EXERCISE PROMPT:
In the records below, the relevant part opens with the line containing "Aerial view of" and closes with the line containing "a thumbnail image"; print that part exactly and only, without its pictures.

━━━━━ RECORDS FOR THIS TASK

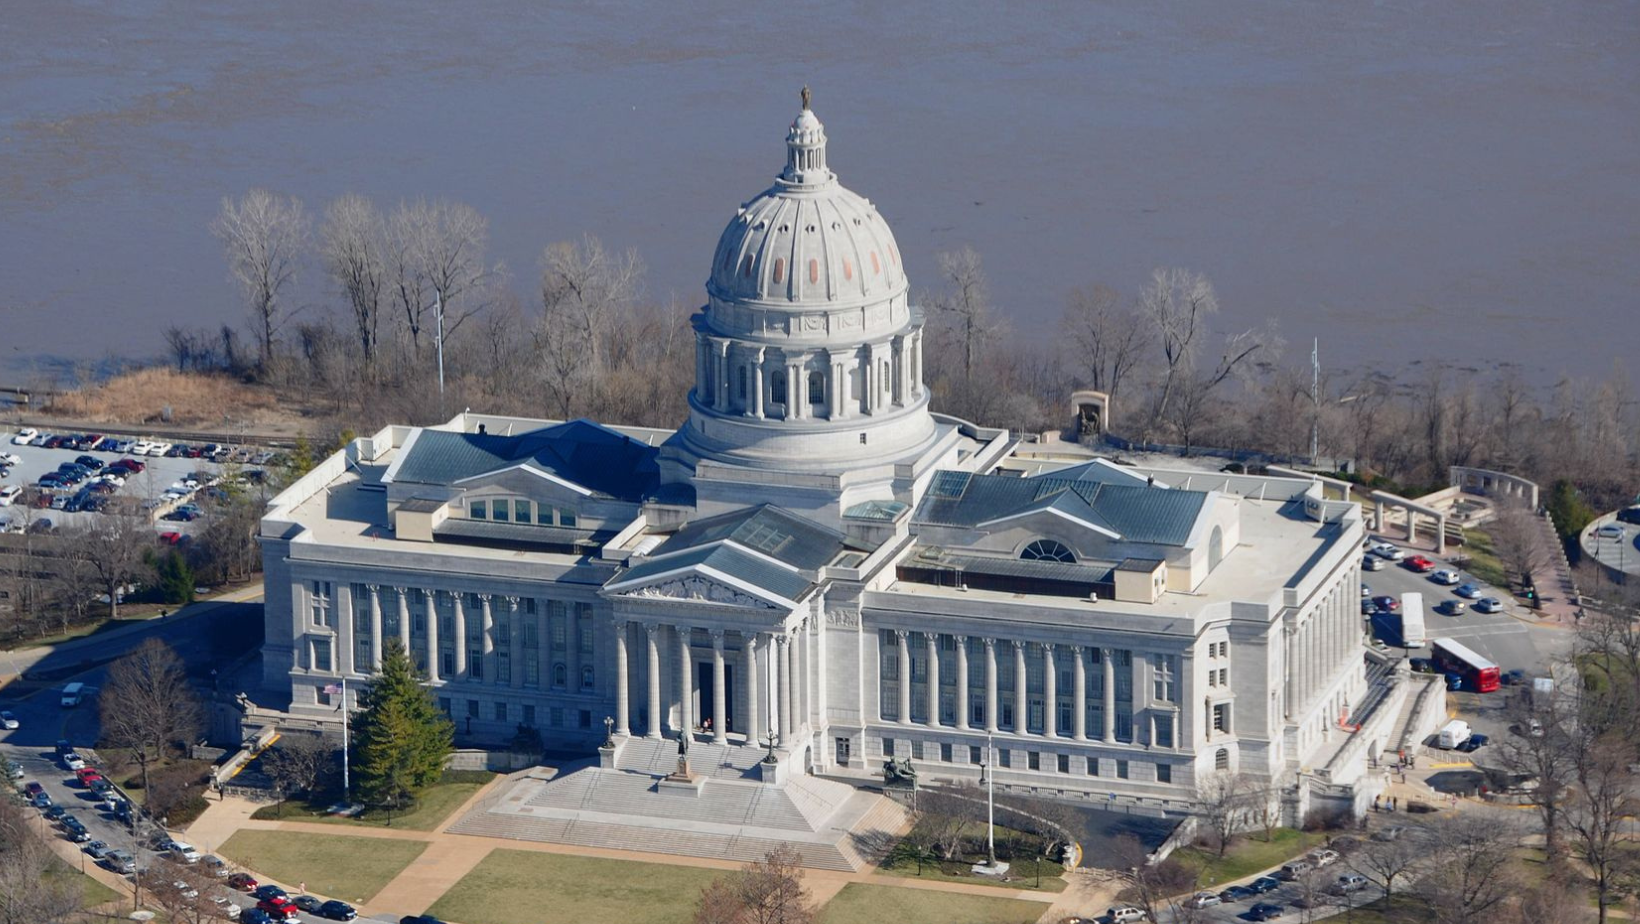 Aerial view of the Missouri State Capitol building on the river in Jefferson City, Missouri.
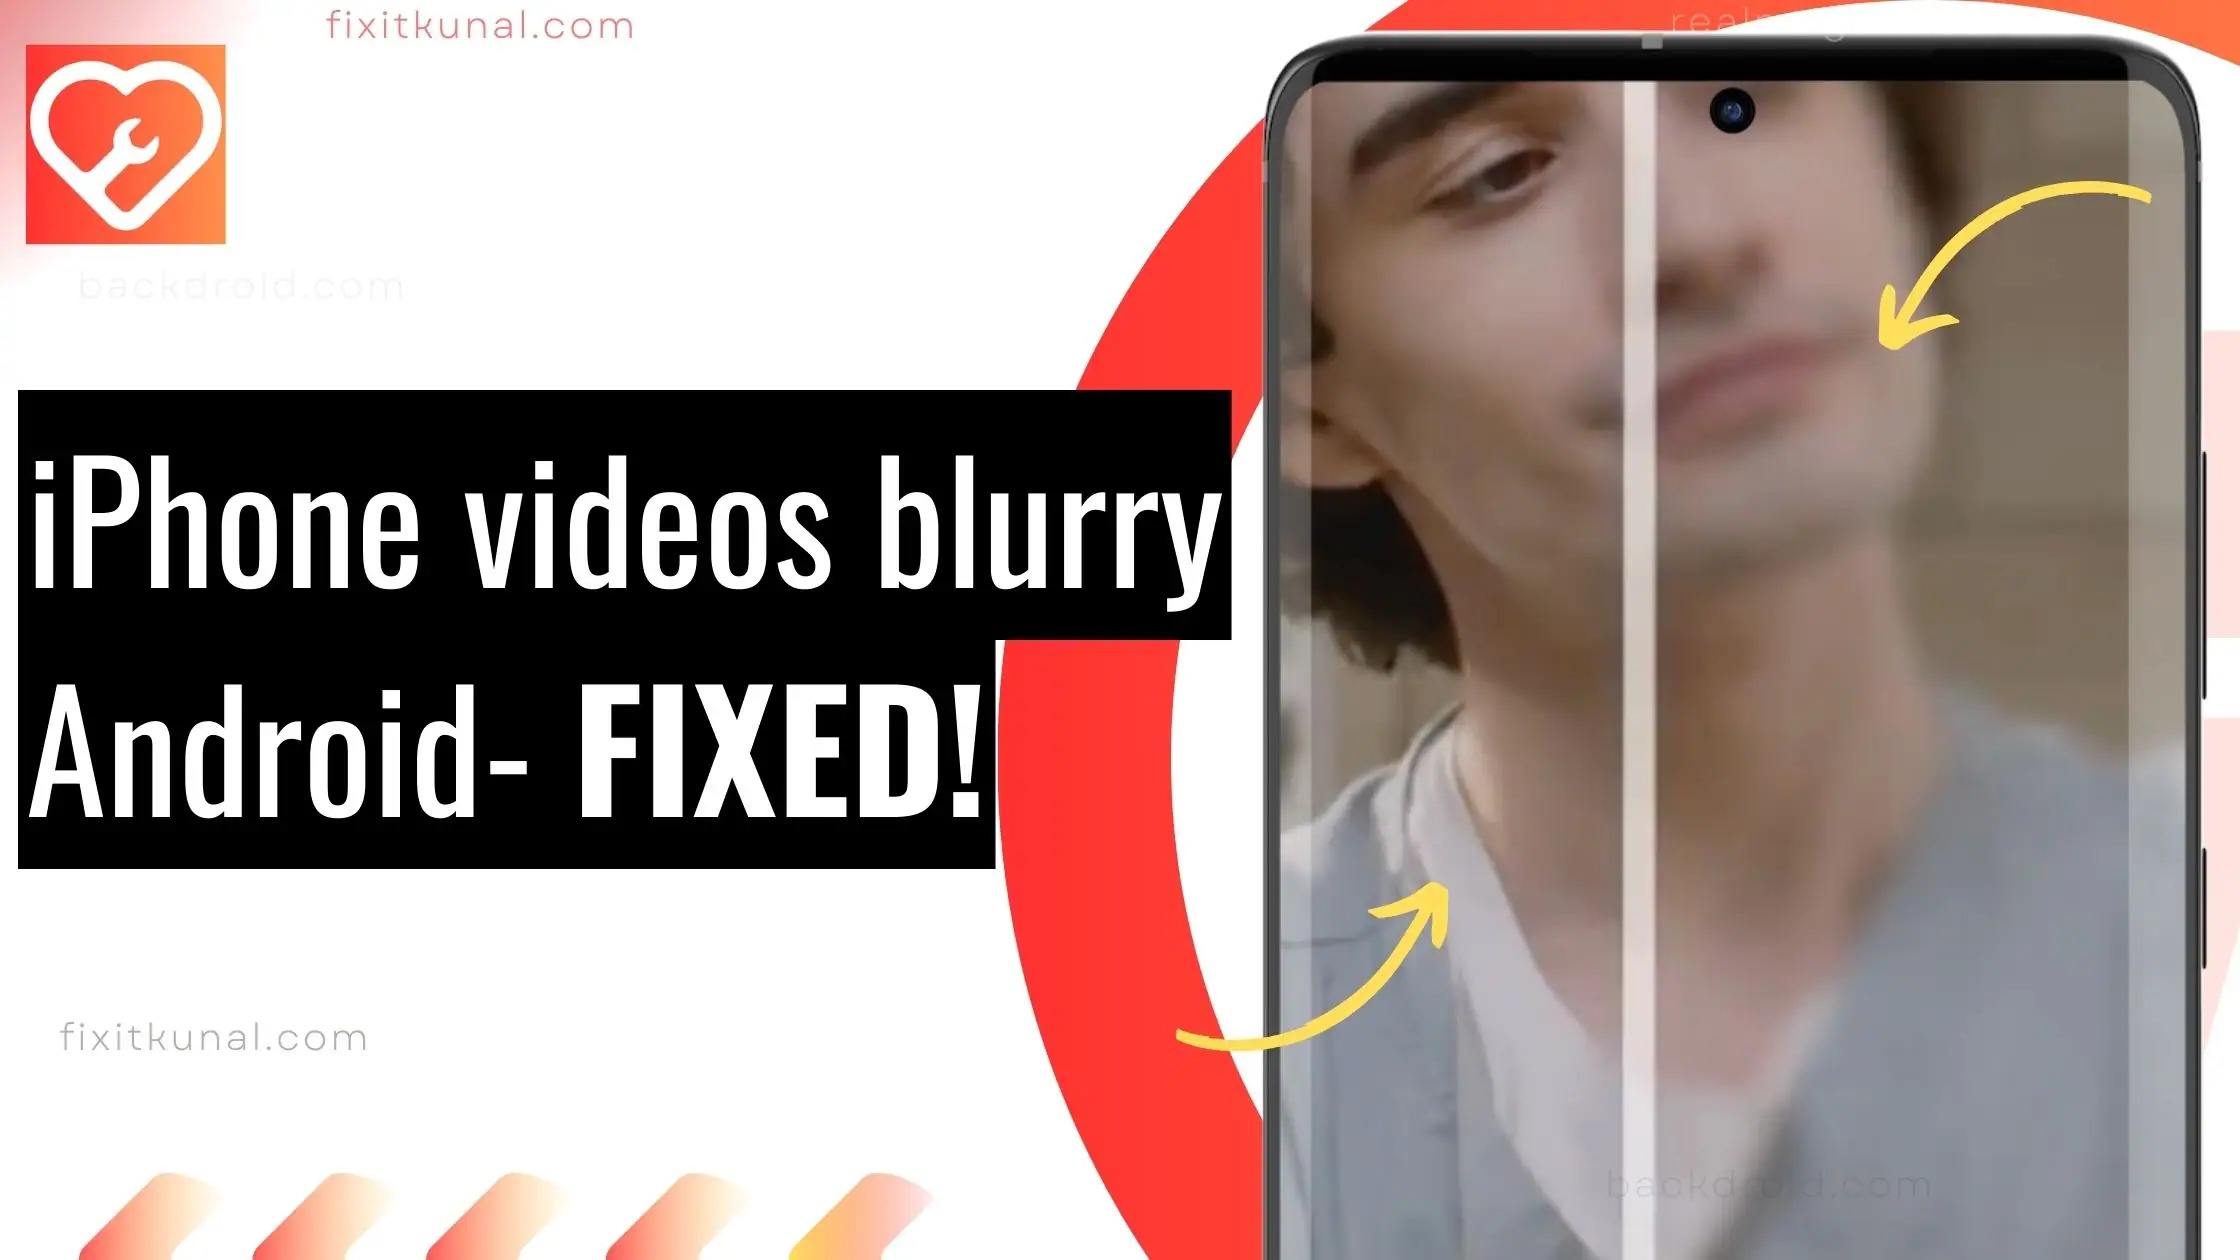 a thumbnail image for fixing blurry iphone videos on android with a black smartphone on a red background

━━━━━━━━━━
━━━━━ RECORDS FOR THIS TASK

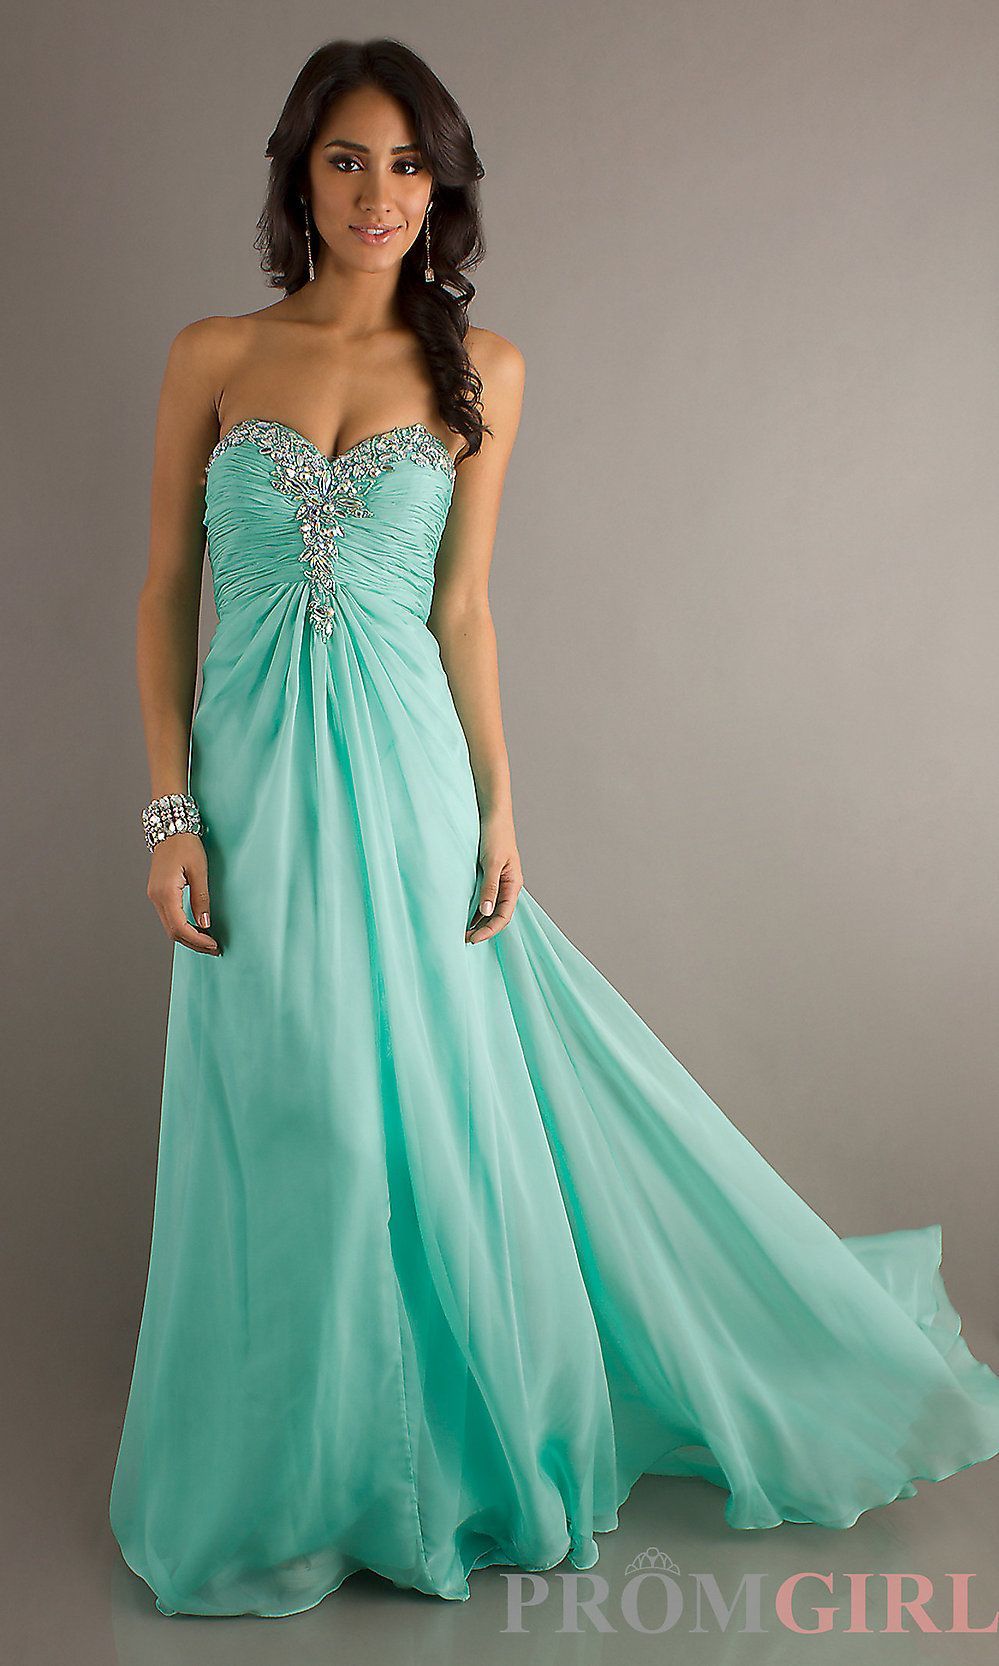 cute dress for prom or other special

━━━━━━━━━━
━━━━━ RECORDS FOR THIS TASK

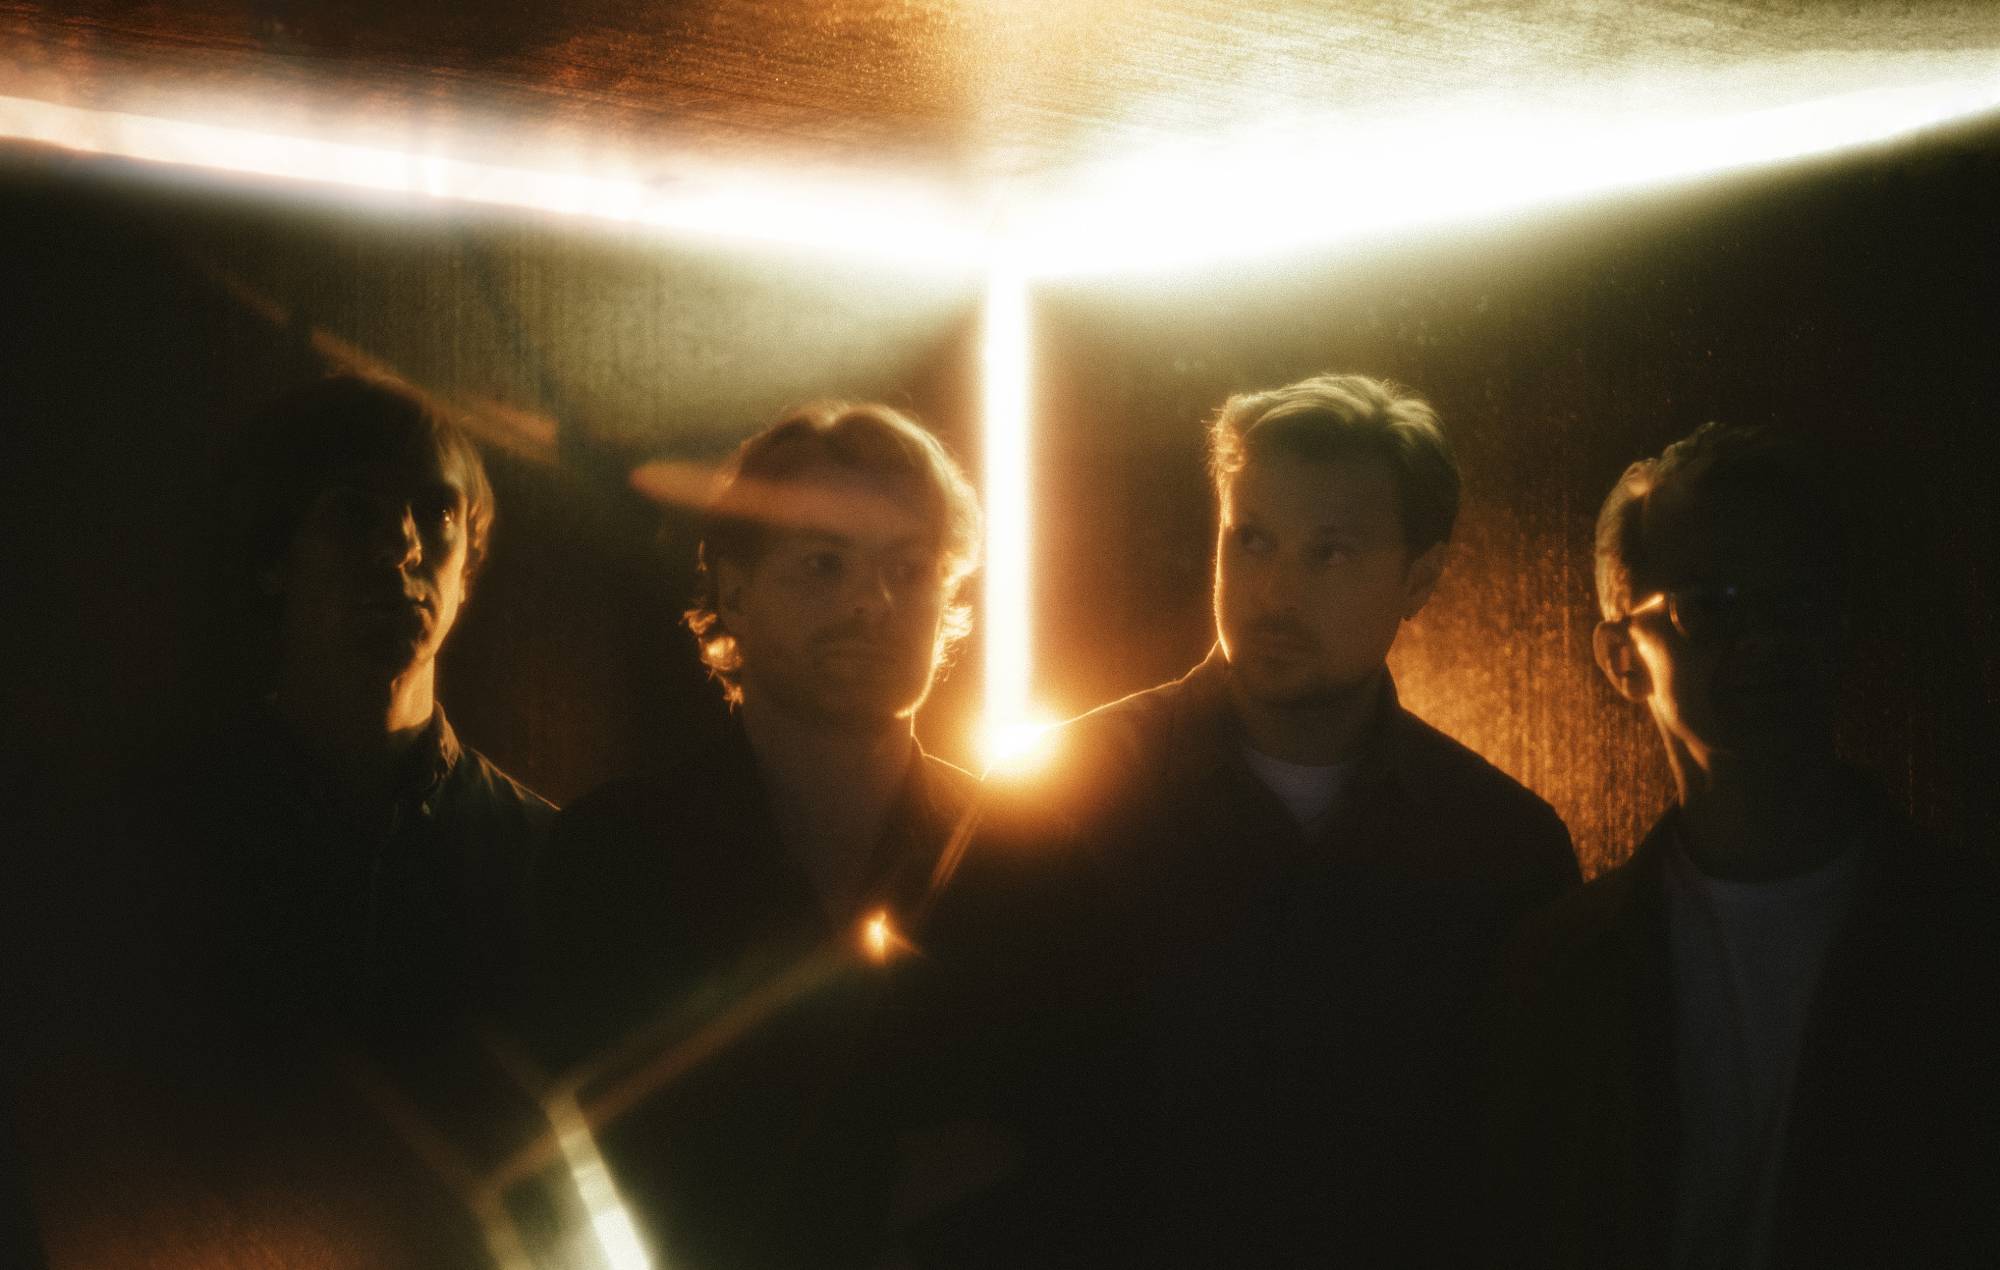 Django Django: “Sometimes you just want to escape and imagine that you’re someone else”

━━━━━━━━━━

YOUR SOLUTION:
 Aerial view of the Missouri State Capitol building on the river in Jefferson City, Missouri.
 a thumbnail image for fixing blurry iphone videos on android with a black smartphone on a red background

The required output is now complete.